Figure 6. The local packing of chromatin is consistent with the behavior of a fractal globule. (A) Contact probability as a function of genomic distance, averaged across the genome (blue). A prominent power law scaling is seen between 500kb and 7Mb (shaded region) with a slope of -1.08 (fit shown in cyan). (B) Simulation results for contact probability as a function of distance for equilibrium (red) and fractal (blue) globules. The slope for a fractal globule is very nearly -1 (cyan), confirming our novel theoretical prediction 1. The slope for an equilibrium globule is -3/2, which matches prior theoretical expectations. The slope for the fractal globule closely resembles the slope observed in the Hi-C results, whereas the slope for an equilibrium globule is not seen in the Hi-C data. (C) Top: An unfolded polymer chain, 4000 monomers long. Coloration corresponds to distance from one endpoint, ranging from blue to cyan, green, yellow, orange, and red. Middle: Typical example of a fractal globule drawn from our ensemble. Fractal globules lack entanglements. Loci that are nearby along the contour tend to be nearby in 3D, leading to the presence of large monochromatic blocks that are apparent on the surface and in cross-section. Bottom: An equilibrium globule. The structure is highly entangled; loci that are nearby along the contour (similar color) need not be nearby in 3D.

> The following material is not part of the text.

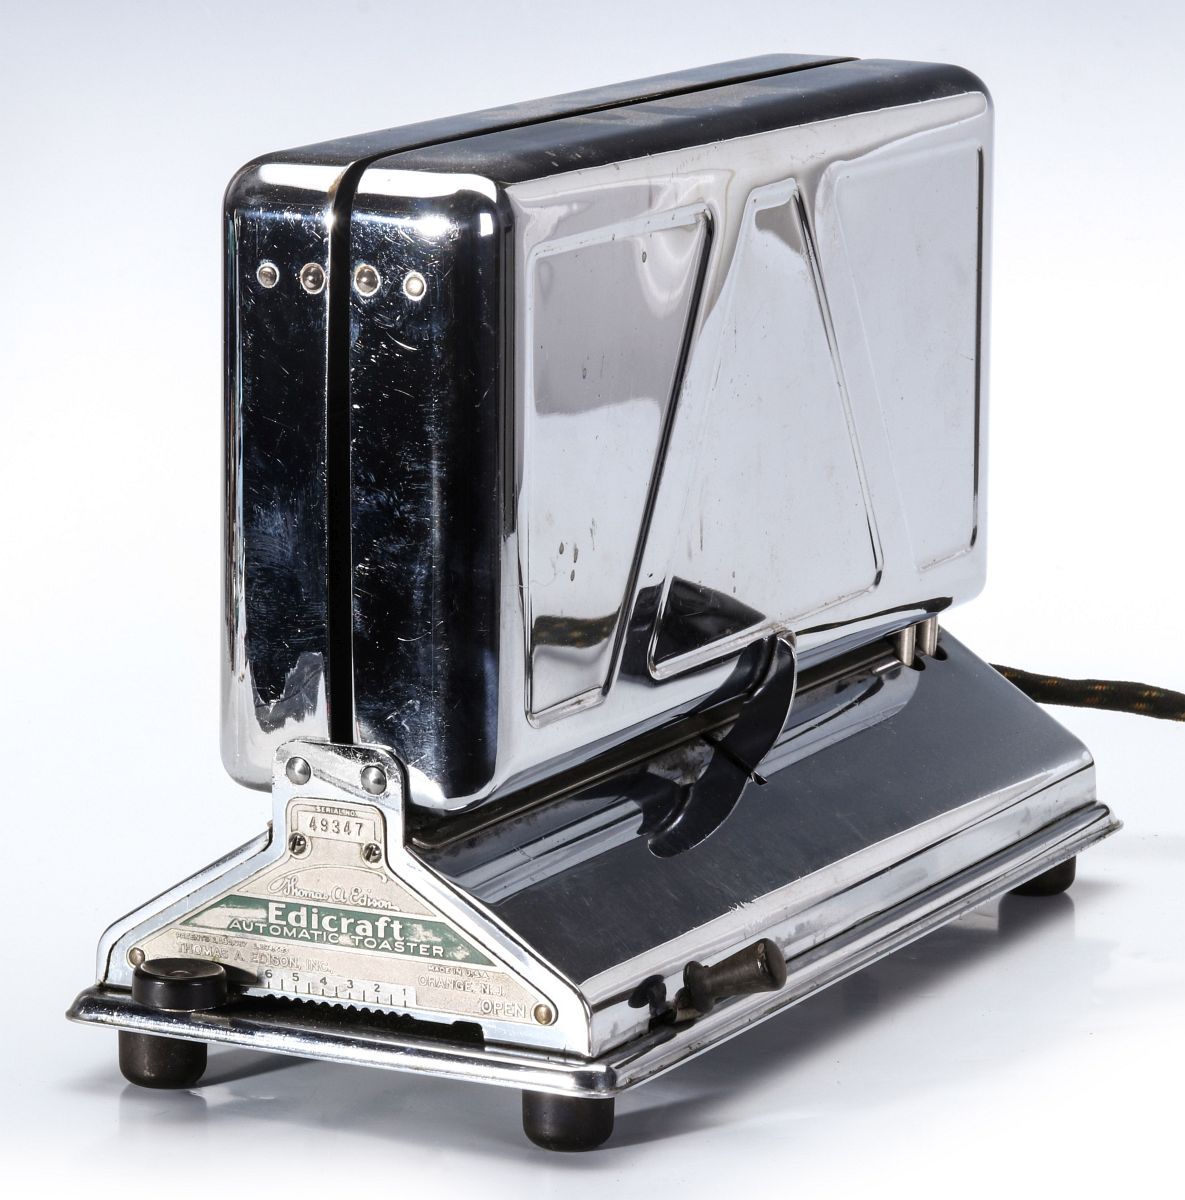 AN EDISON EDICRAFT AUTOMATIC CLAM SHELL TOASTER

We present a method of studying the 3-dimensional architecture of the genome by mapping chromatin interactions in an unbiased, genome-wide manner. The most critical experimental step what sets this technology apart from previous work – is the incorporation of biotinylated nucleotides at the restriction ends of crosslinked fragments before blunt-end ligation. Performing this step successfully enables deep sequencing of all ligation junctions, and gives Hi-C its scope and power.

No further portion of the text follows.